# Blade Steak? SV Style



## CTXSmokeLover (Aug 11, 2022)

I was browsing the store this week and saw some crazy marbled American wagyu blade steaks. I honestly had never/seen or heard of them but they looked great and the price seemed right so I figured I'd give them a try. 











Zero clue how to cook these things, so I figured I'd throw them in the SV and sear them at the end like a steak. I seasoned/vac sealed them and threw them in the bath at 131 for 8 hours.

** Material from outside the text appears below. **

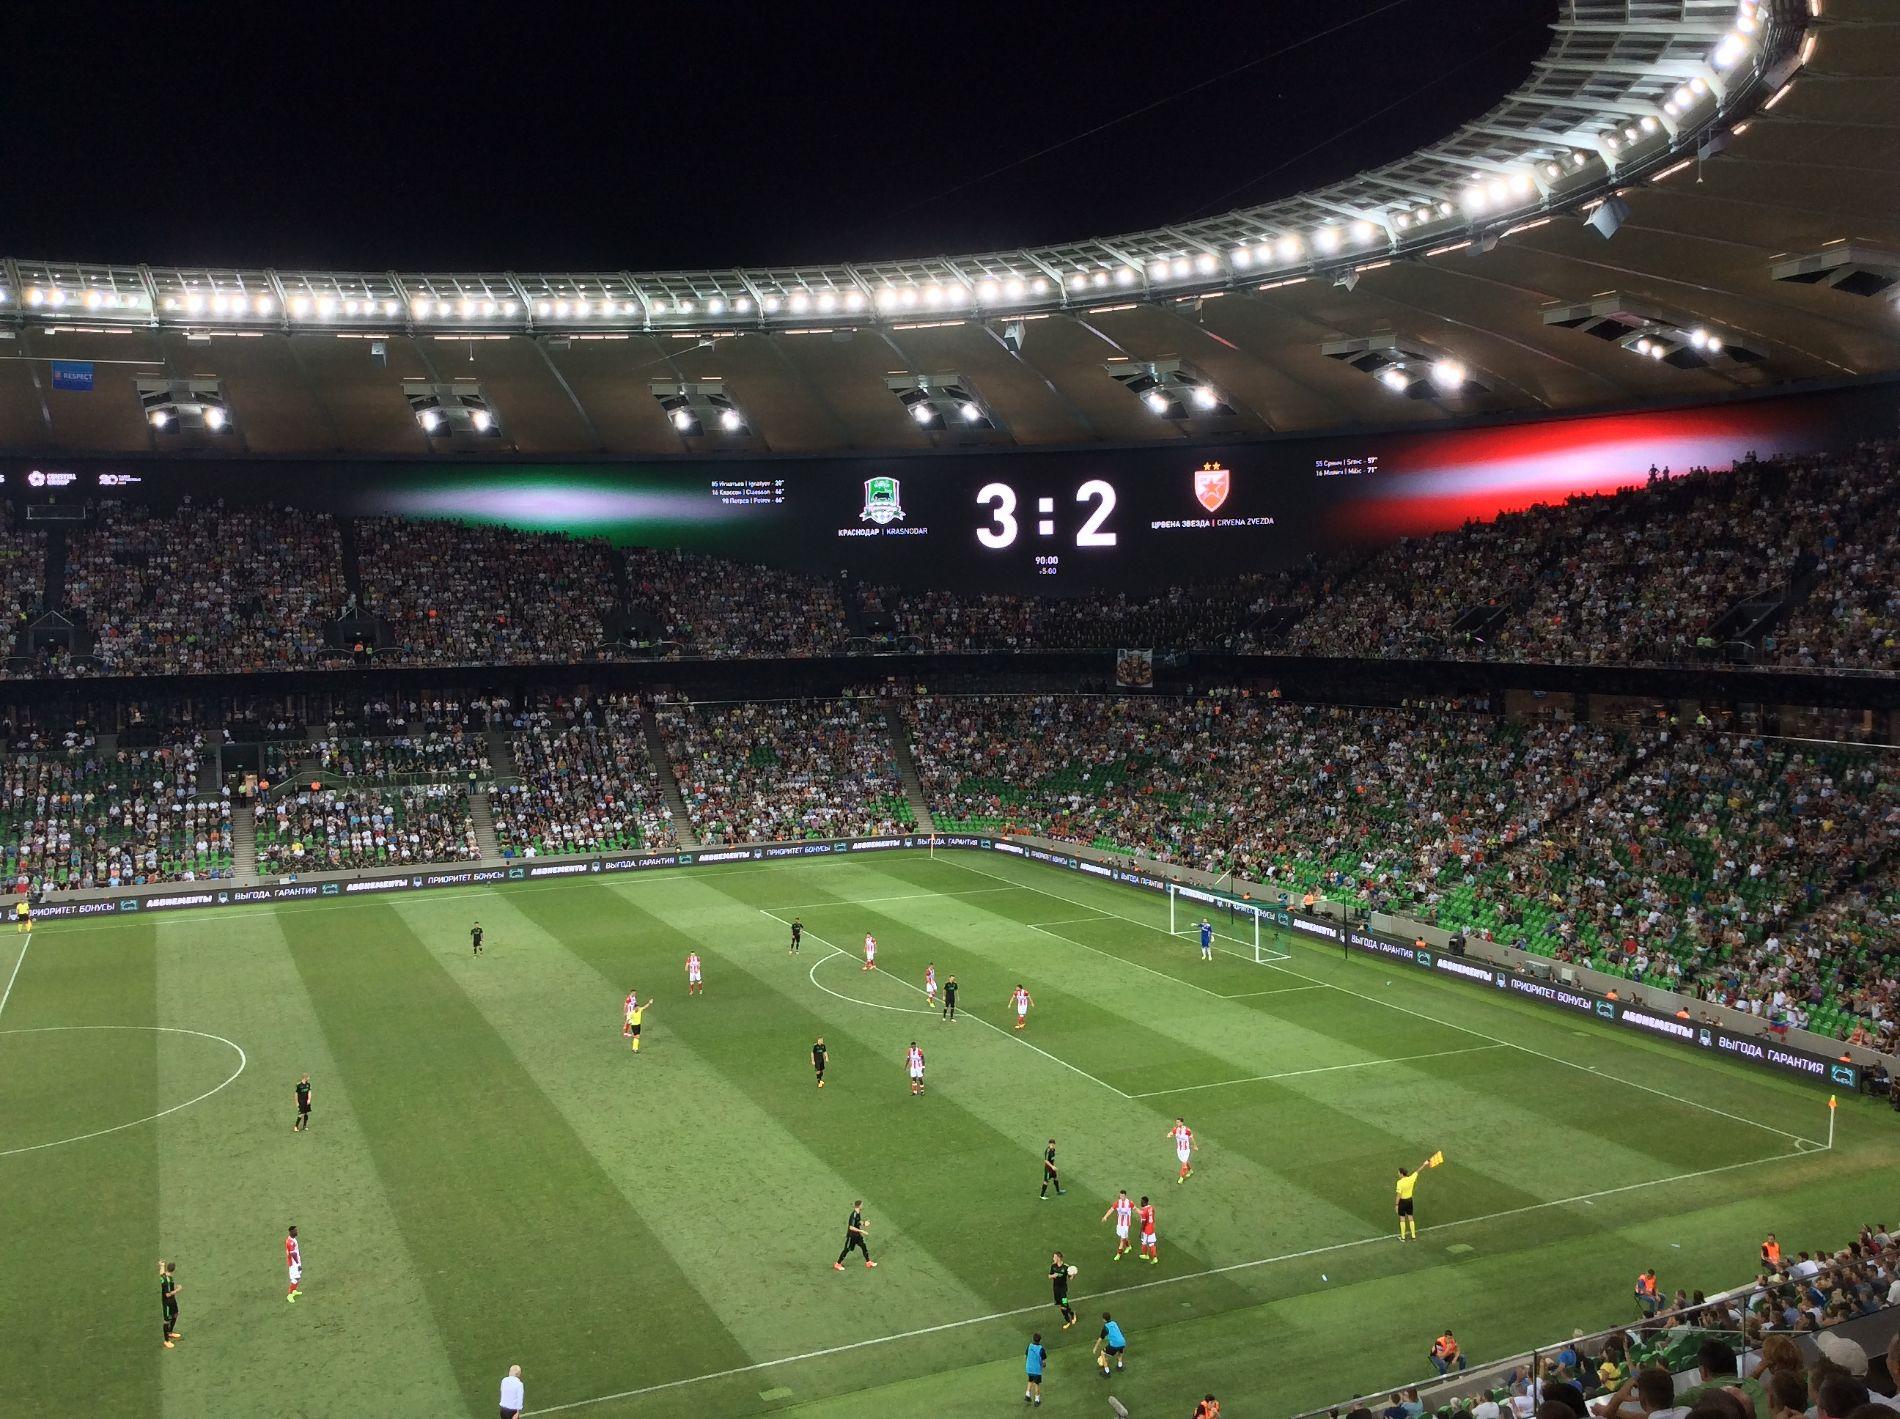 Матч плей-офф Лиги Европы «Краснодар» — «Црвена Звезда» ©Фото Юга.ру
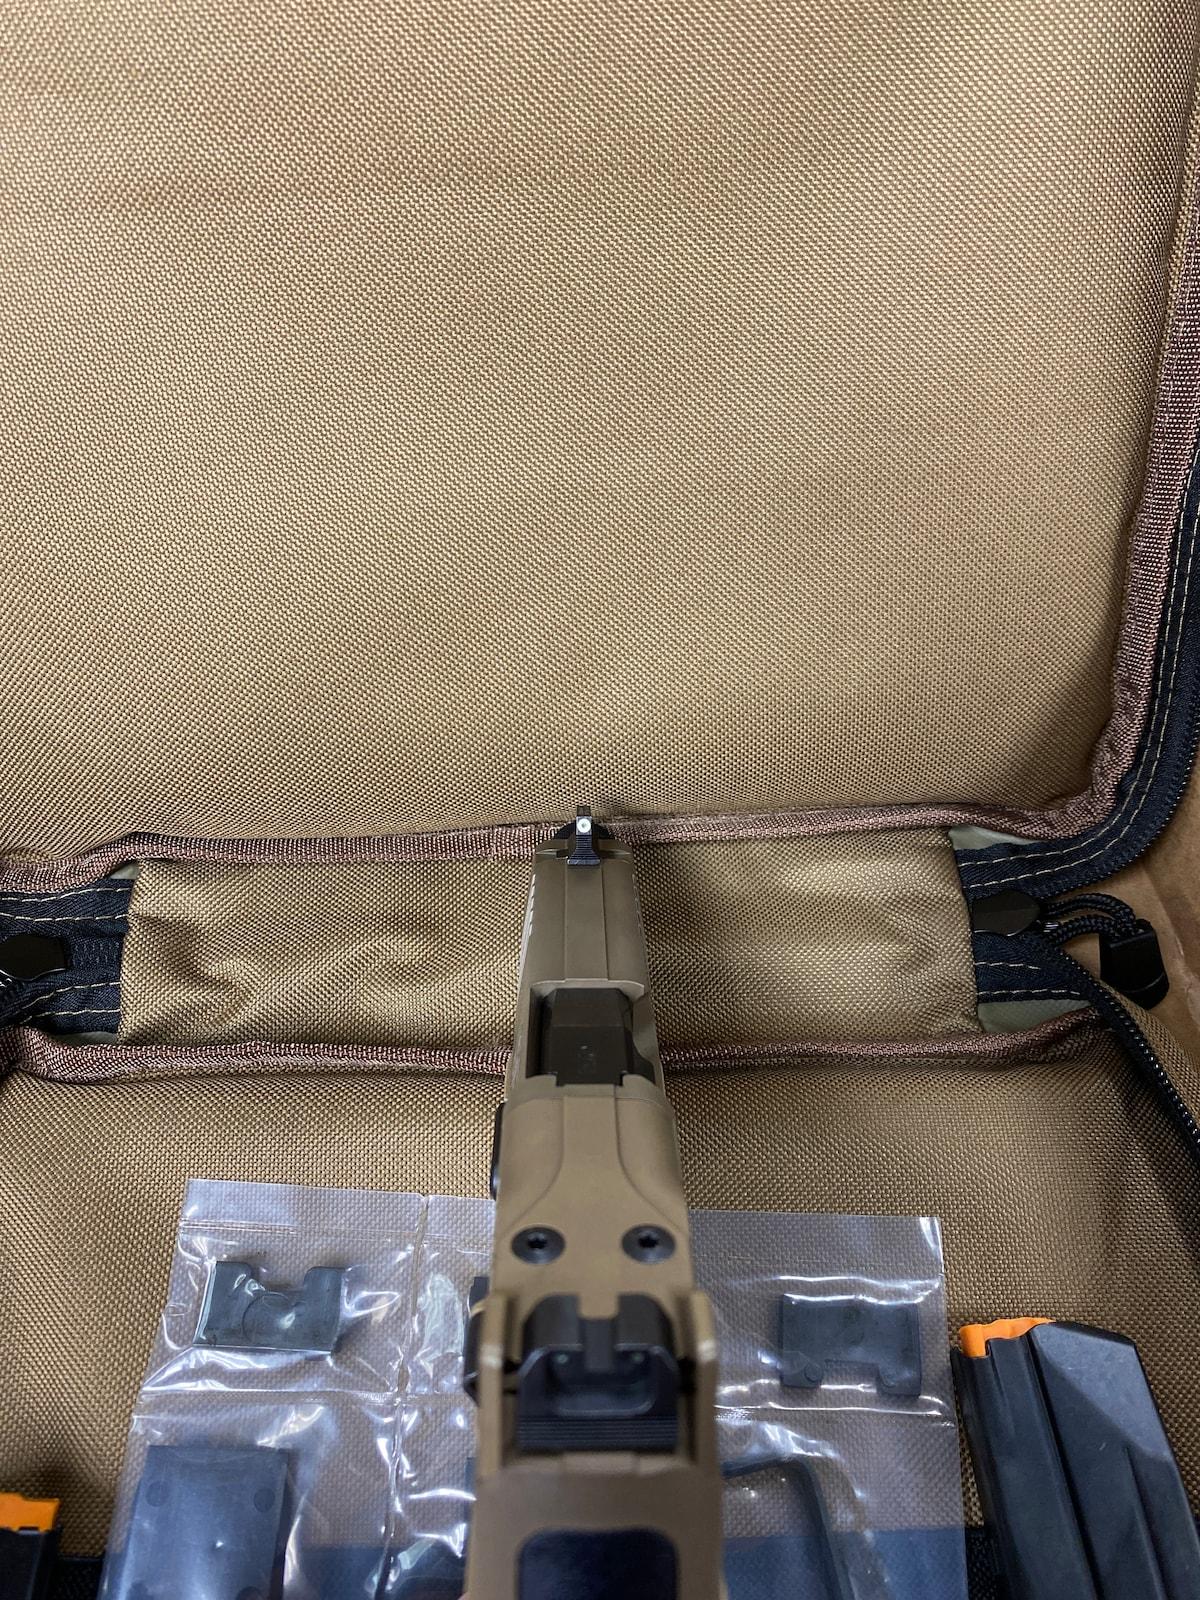 FN America 509C TACTICAL  66-100780

Then gave them a quick sear on the Weber:






Dumped the leftover juices on top and time to slice.










Supper Time:











I was really happy with how these turned out. Like an extremely tender steak, but cheaper. It was a hit as you can see and there was nothing left. Highly recommend if you ever come across at your local meat market. Let me know if anyone else has ever tried these or has a different method of cooking them.

Thanks for looking.


----------



## Nefarious (Aug 11, 2022)

Looks totally awesome.  I just did my first American wagyu this week and it was really good.  Will have to try your SV on some.  Thanks for sharing.


----------



## JLeonard (Aug 11, 2022)

Holy cow that looks great! Thinking I'd be licking the cutting board clean. LOL.  I am so loving my SV right now. 
JIm


----------



## gmc2003 (Aug 11, 2022)

Man do those look good perfectly done. With our small population I don't think any type of wagyu has made it into our state. 

Point for sure
Chris


----------



## tbern (Aug 11, 2022)

that really looks amazing!! thanks for sharing


----------



## normanaj (Aug 11, 2022)

Great job for sure.


----------



## tx smoker (Aug 11, 2022)

Wow...those looks fantastic!! Perfect cook, that's fir sure. You can bring some of those to wherever we decide to hook up in the near future. I wouldn't mind a bit   Beautiful cook!!

Robert


----------



## smokerjim (Aug 11, 2022)

Looks like a great meal ya had


----------



## CTXSmokeLover (Aug 11, 2022)

Nefarious said:


> Looks totally awesome.  I just did my first American wagyu this week and it was really good.  Will have to try your SV on some.  Thanks for sharing.


Thank you! 


JLeonard said:


> Holy cow that looks great! Thinking I'd be licking the cutting board clean. LOL.  I am so loving my SV right now.
> JIm


Thanks Jim! I'm having fun experimenting with the SV as well. Definitely a fun toy


gmc2003 said:


> Man do those look good perfectly done. With our small population I don't think any type of wagyu has made it into our state.
> 
> Point for sure
> Chris


I appreciate that Chris! My local store (HEB) always has a good selection of American Wagyu cuts at decent prices so I'm a little spoiled. I had never seen this one before so thought it was worth a shot. I've also had their wagyu chuck roasts. I'd say it's a little more succulent than Prime. Really good stuff for the price.


tbern said:


> that really looks amazing!! thanks for sharing


Thanks tbern!


normanaj said:


> Great job for sure.


Thank you!


tx smoker said:


> Wow...those looks fantastic!! Perfect cook, that's fir sure. You can bring some of those to wherever we decide to hook up in the near future. I wouldn't mind a bit   Beautiful cook!!
> 
> Robert


Thanks Robert!  It's only a matter of time but we will make it happen..


----------